Die Ausgangslage der hier vorgeschlagenen Begriffsbestimmung von Kommunikation ist also äußerst fragil. (Und genau hierauf zielen, nebenbei bemerkt, Spencer-Browns Überlegungen ab, nämlich in "nichts" eine Unterscheidung treffen zu wollen.) Nimmt man aber die systemtheoretischen Basisannahmen ernst, konkret diejenige, nach der nur Kommunikationen kommunizieren können, scheint mir kein anderer Weg zur Verfügung zu stehen, als der hier eingeschlagene.

Systemtheorie braucht Kommunikation und es lag für sie eine Motivation vor, den Begriff der Kommunikation zu etablieren. Was war das für eine Motivation oder: war sich die Systemtheorie über ihre Motivation im klaren? Zwischen der Grundannahme: "Wir gehen davon aus, daß es Systeme gibt" (die ähnlich eingeführt wird wie die Annahme von Kommunikation) liegt ein weite Wegstrecke, in der Systemtheorie sich ausdifferenzieren und emergieren konnte, bis sie es nun, am differenzlogischen Wendepunkt der eigenen Theoriebildung, wieder mit ihren ersten Unterscheidungen zu tun bekommt: Von dieser neuen Warte erst kann die Notwendigkeit der Einführung des Kommunikationsbegriffs rekonstruiert werden. Diese Form der Rekonstruktion der eigenen Ausgangspunkte beschreibt Spencer-Brown, der sie allerdings auf die Konstruktion des Universums anwendet: "[...] our understanding of such a universe comes not from discovering its present appearance, but in remembering what we originally did to bring it about." (G. Spencer-Brown (1979): Laws of Form. S. 104)

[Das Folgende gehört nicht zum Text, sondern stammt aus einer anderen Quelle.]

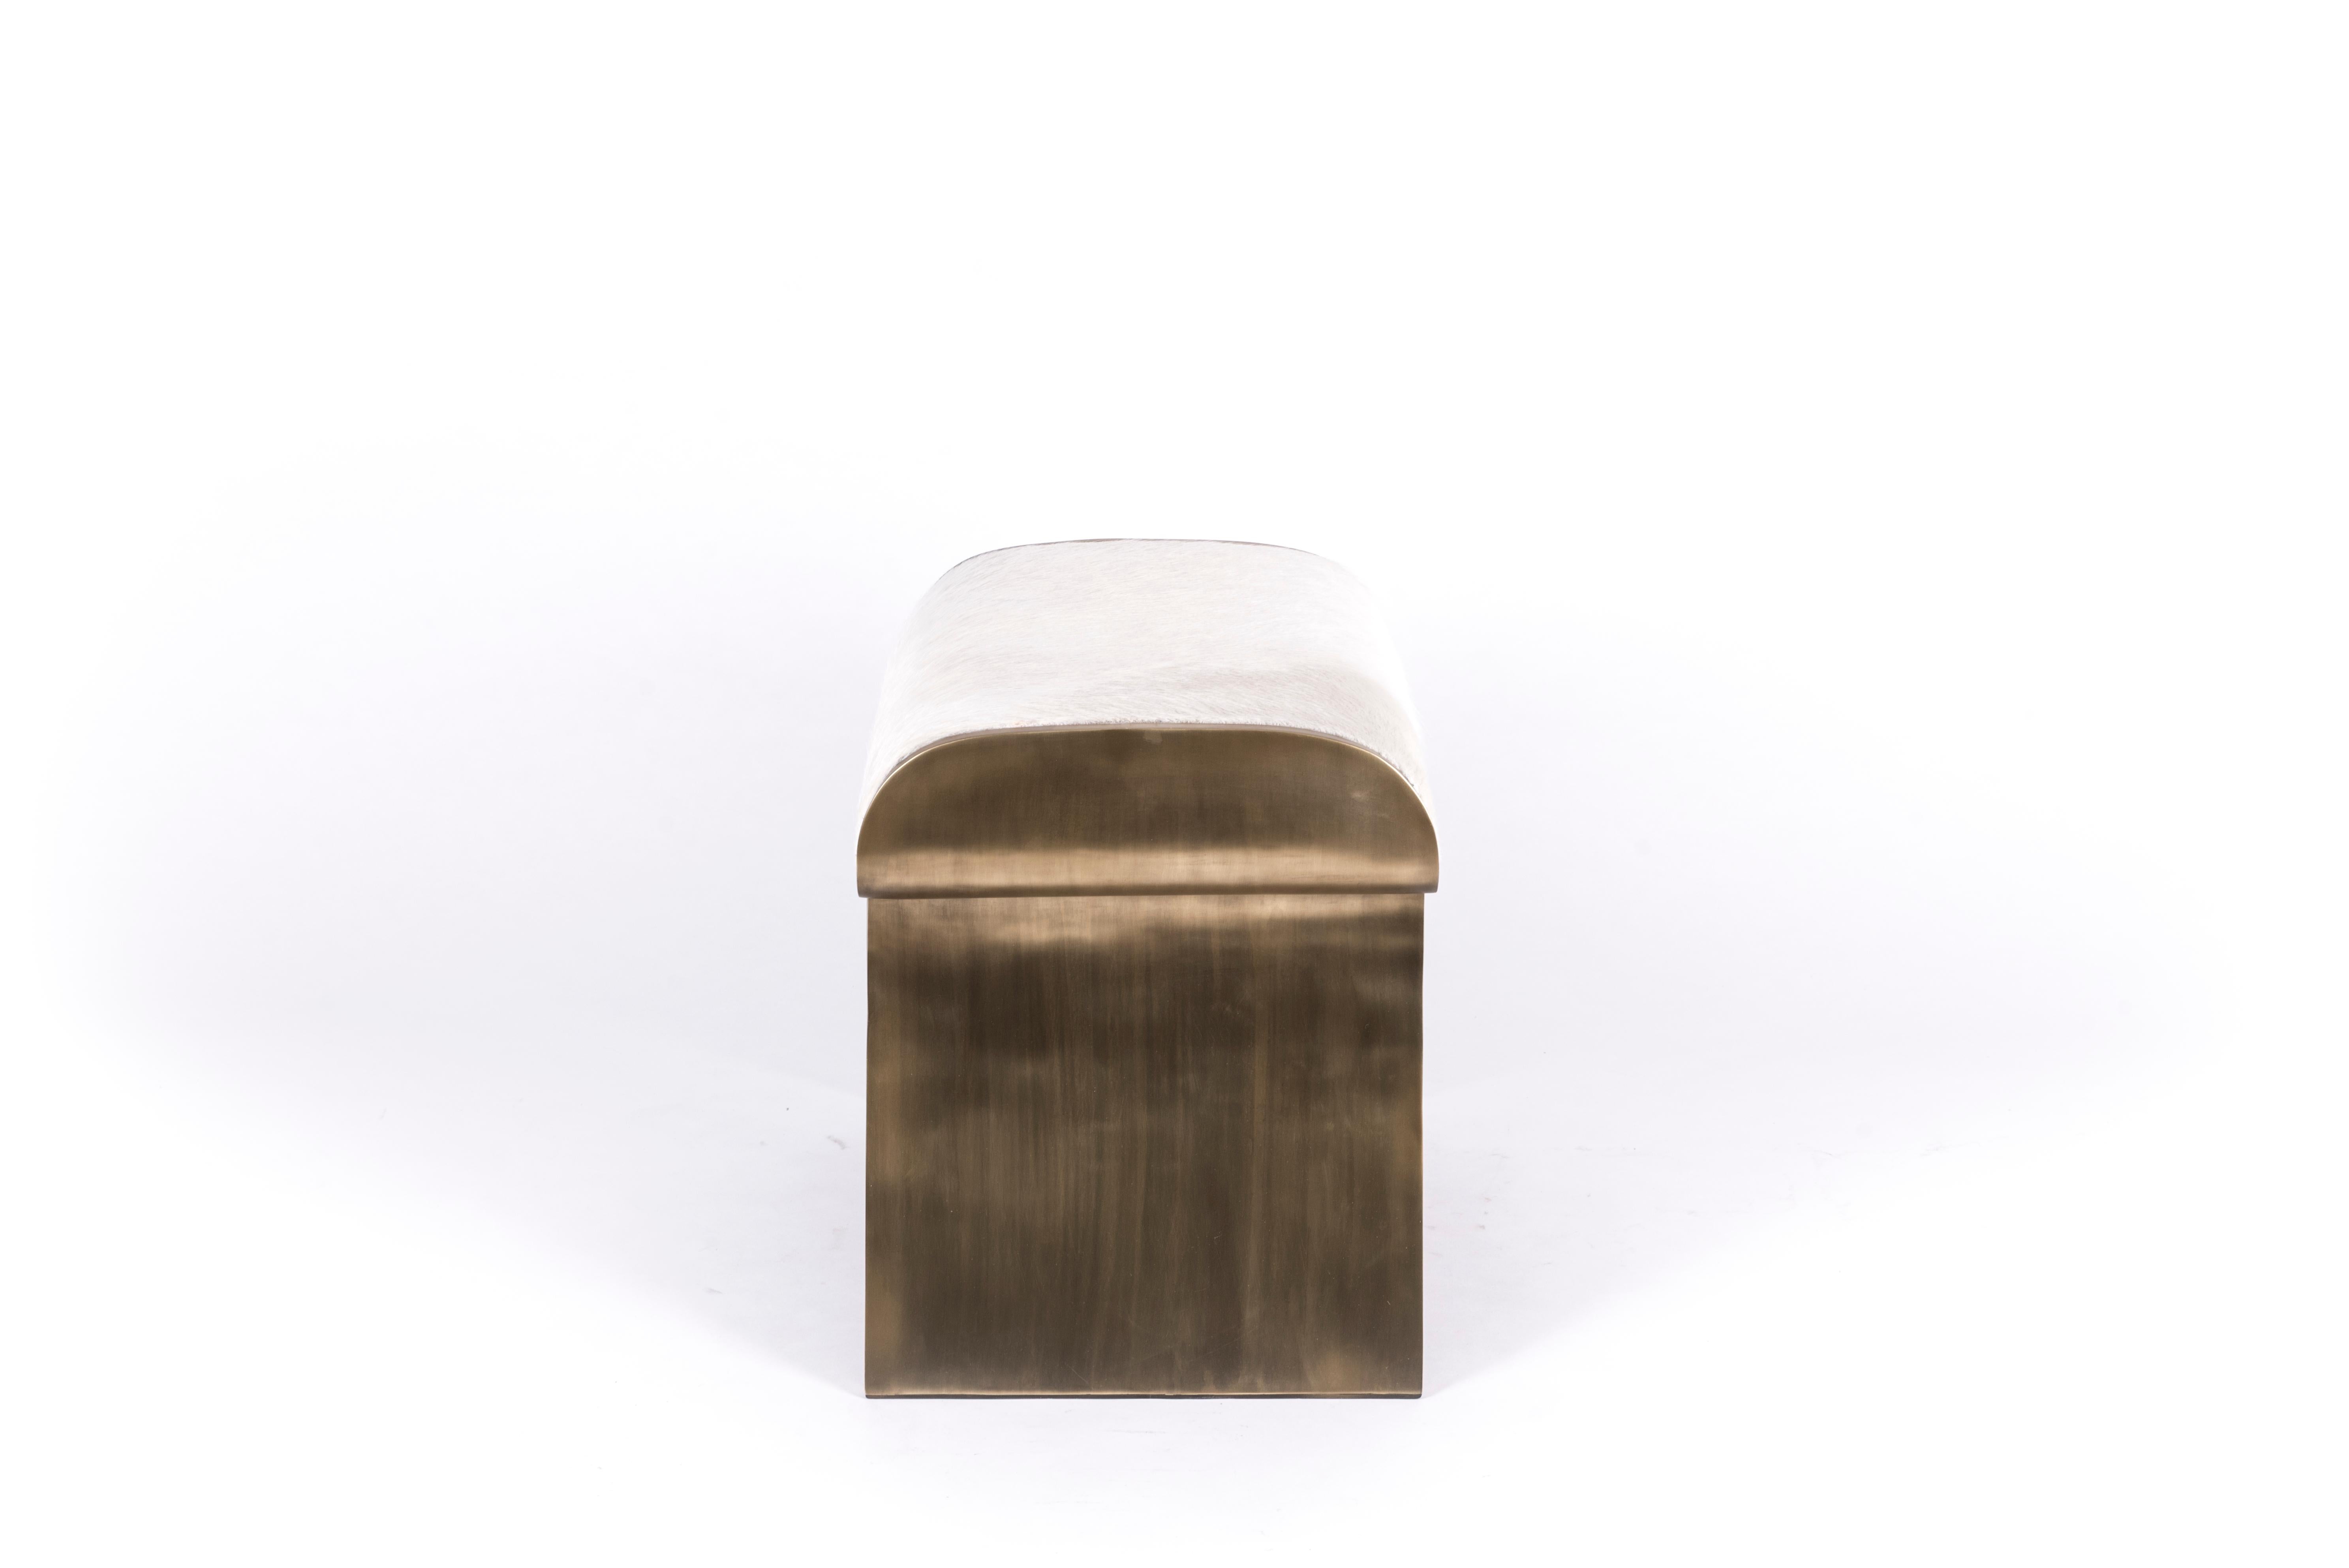 Hand-Crafted Dandy Stool in Mink Shagreen and Bronze-Patina Brass by Kifu, Paris For Sale

Im vorliegenden Zusammenhang ist es insofern weniger wichtig, zu untersuchen, was für eine Motivation vorlag (etwa: der Wunsch soziale Systeme zu beobachten), sondern zu bemerken, daß sie vorlag, und Systemtheorie somit aus einer Verschiedenheit eine Unterscheidung konstruierte. Auf dieser abstrakten Konstruktionsebene wird deutlich, daß die Entscheidung, Kommunikation als Kommunikation von Bewußtsein zu unterscheiden, strukturell bzw. formal genauso gebaut ist, wie die anderen basalen Unterscheidungen der differenztheoretischen Systemtheorie: Identität / Differenz, System / Umwelt, Medium / Form, Innenseite / Außenseite einer 2-Seiten-Form etc. Spencer-Brown sagt:

Was ein Ding ist, und was es nicht ist, sind, in der Form, identisch gleich. Das heißt, die identische Form oder Definition oder Unterscheidung agiert als die Grenze oder Beschreibung sowohl des Dinges als auch dessen, was es nicht ist. (Laws of Form (1997) S. IX)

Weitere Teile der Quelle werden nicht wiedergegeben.